Answer:
A - Frequency of D allele = 0.35
Frequency of d allele = 0.65
B- Frequency of DD genotype = 0.1225
Frequency of Dd genotype = 0.455
Frequency of dd genotype = 0.425.
C - Total population = 400
Frequency of heterozygous population = 400*0.455 = 183.
EXPLANATION:
The equilibrium sum of all the allelic frequency of a gene is always 1 and sum of all the genotypic frequency of all the genotype is always 1 - This is according to Hardy-Weinberg.
So p+q =1
p2+ 2pq+q2 =1
where p = frequency of dominant allele
q is the frequency of the recessive allele.

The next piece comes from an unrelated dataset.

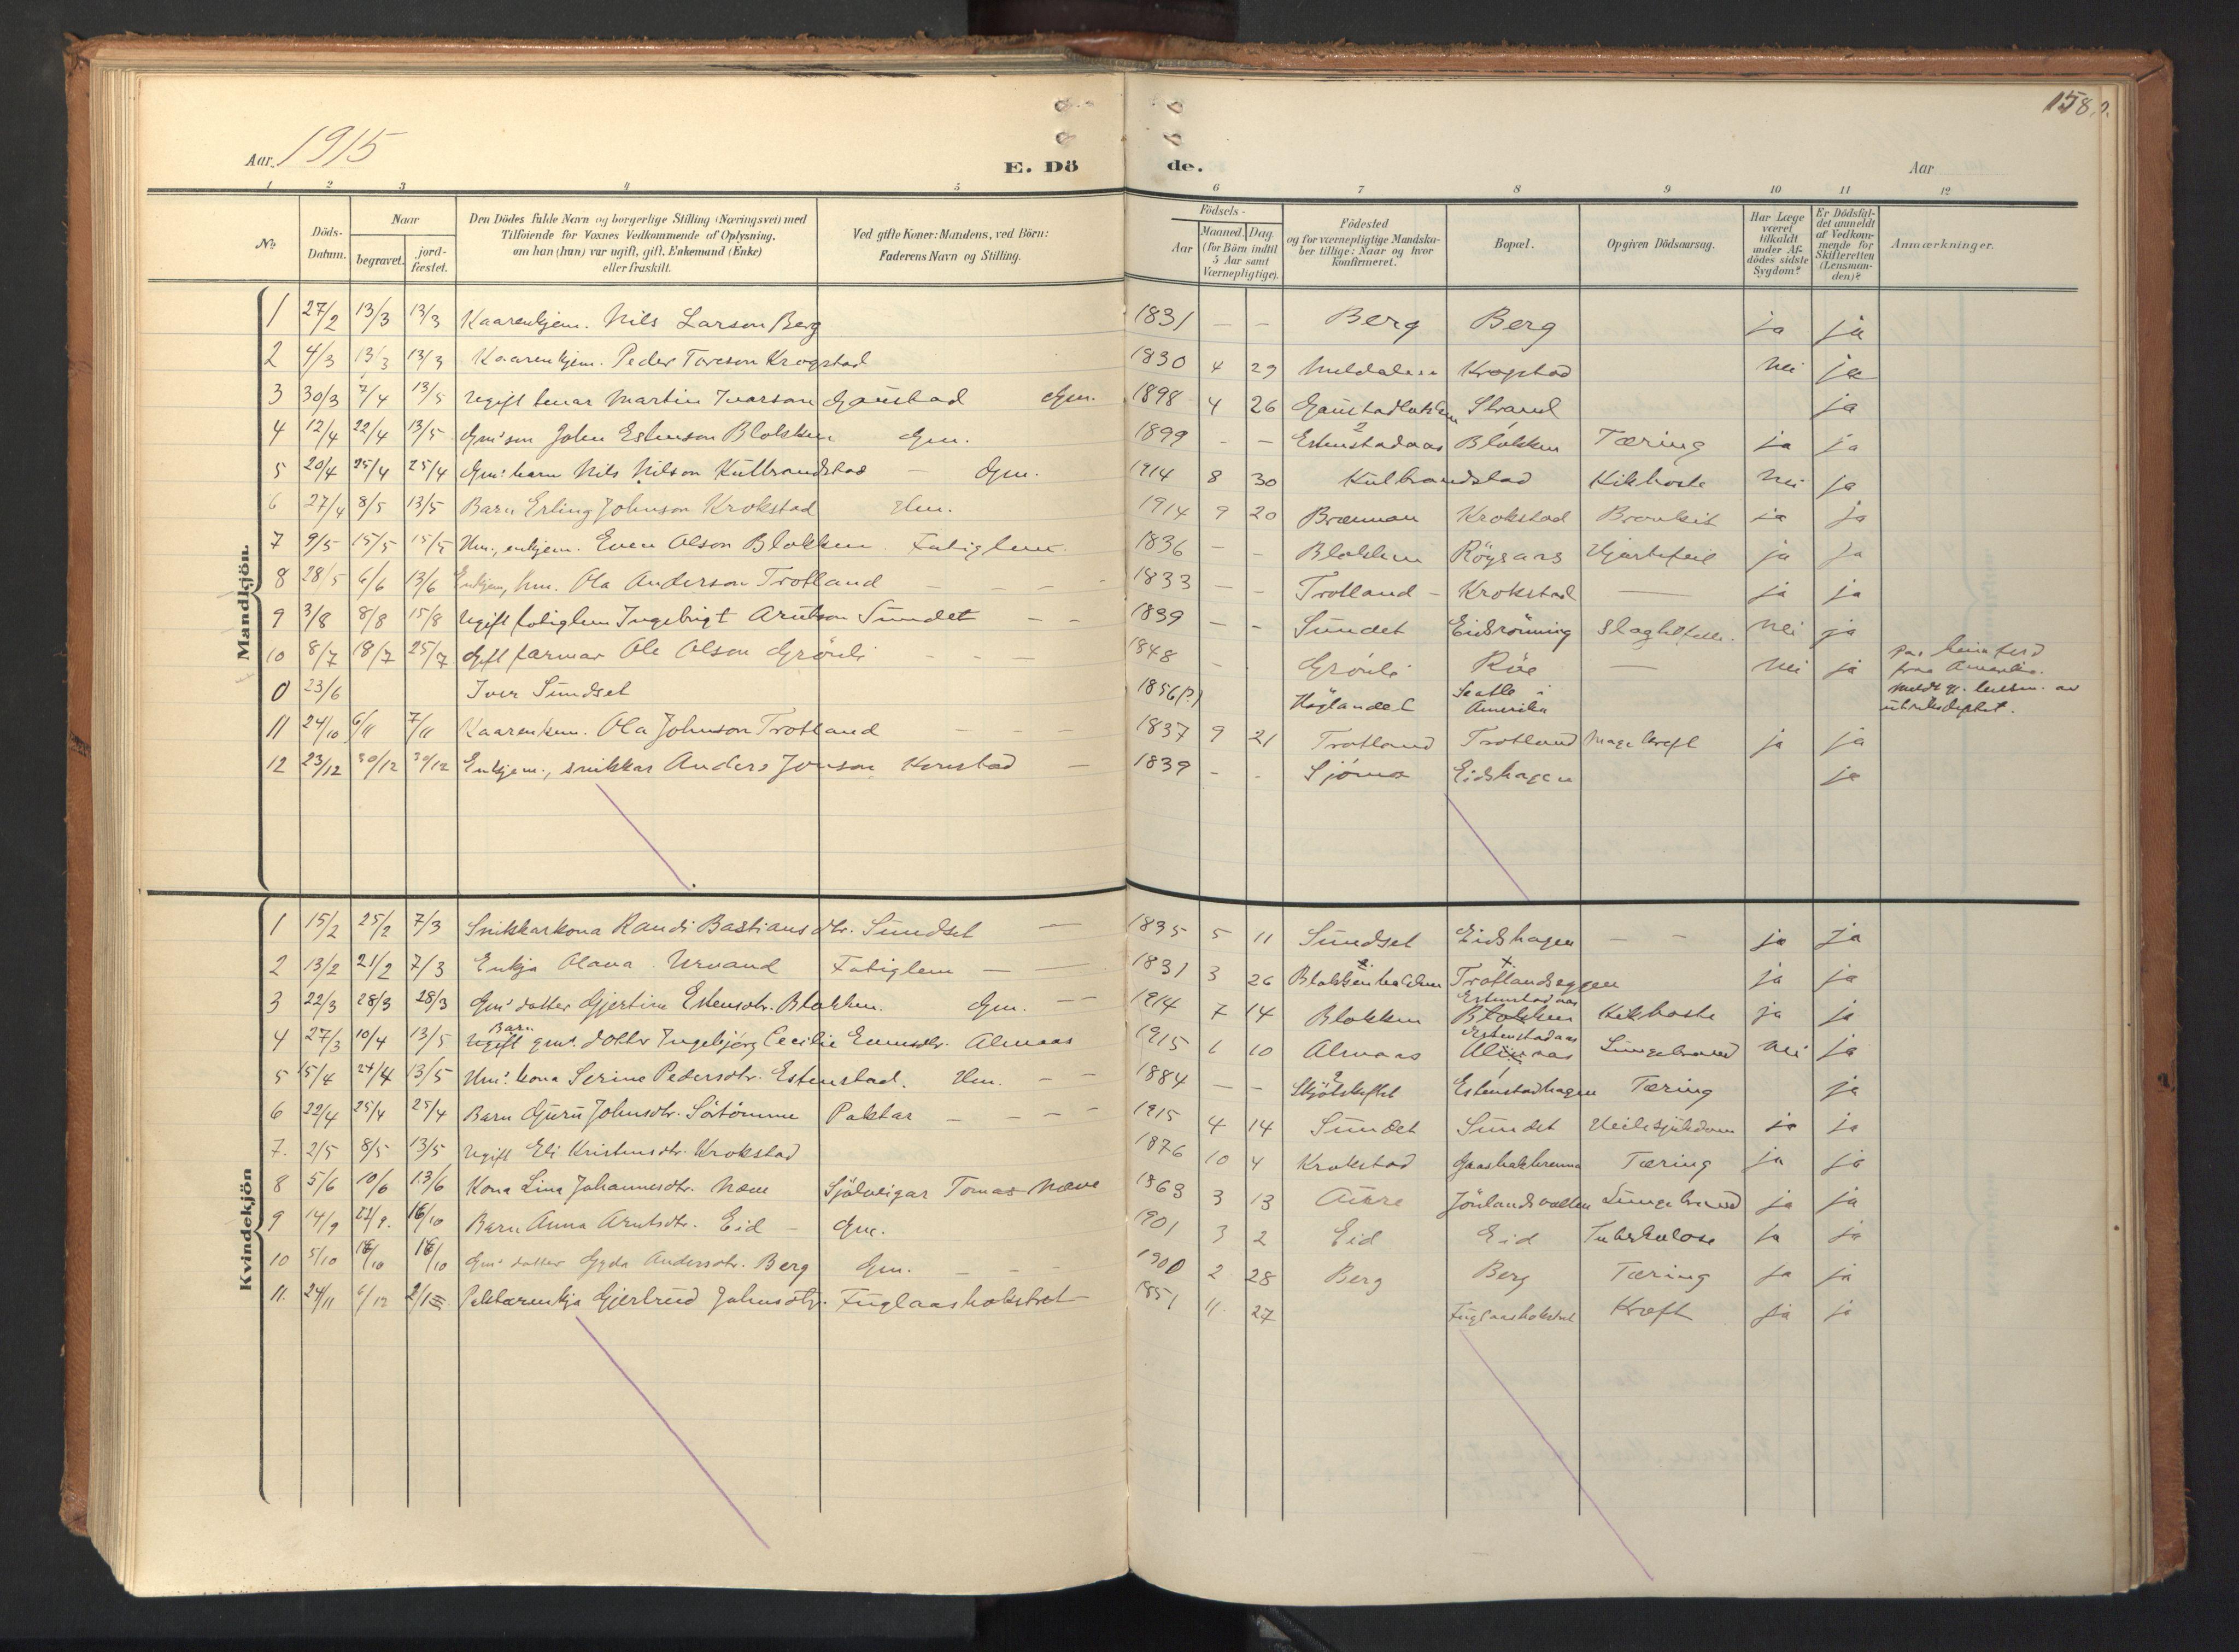 SAT, Ministerialprotokoller, klokkerbøker og fødselsregistre - Sør-Trøndelag, 694/L1128: Ministerialbok nr. 694A02, 1906-1931, s. 158

from the question, it was given that there were 170 individual out of 400, which were Rh- negative,
So q2 = 170/400 = 0.425
q= 0.65
Also p+q =1
so p = 1-q
or p = 1-0.65
Hence p =0.35
Frequency of homozgupus for D allele = 0.35*0.35 = 0.1225
Frequency of heterozygous or Dd will be 2pq.
or 2*0.35*0.65 = 0.455
A - Frequency of D allele = 0.35
Frequency of d allele = 0.65
B- Frequency of DD genotype = 0.1225
Frequency of Dd genotype = 0.455
Frequency of dd genotype = 0.425.
C - Total population = 400
Frequency of heterozygous population = 400*0.455 = 183.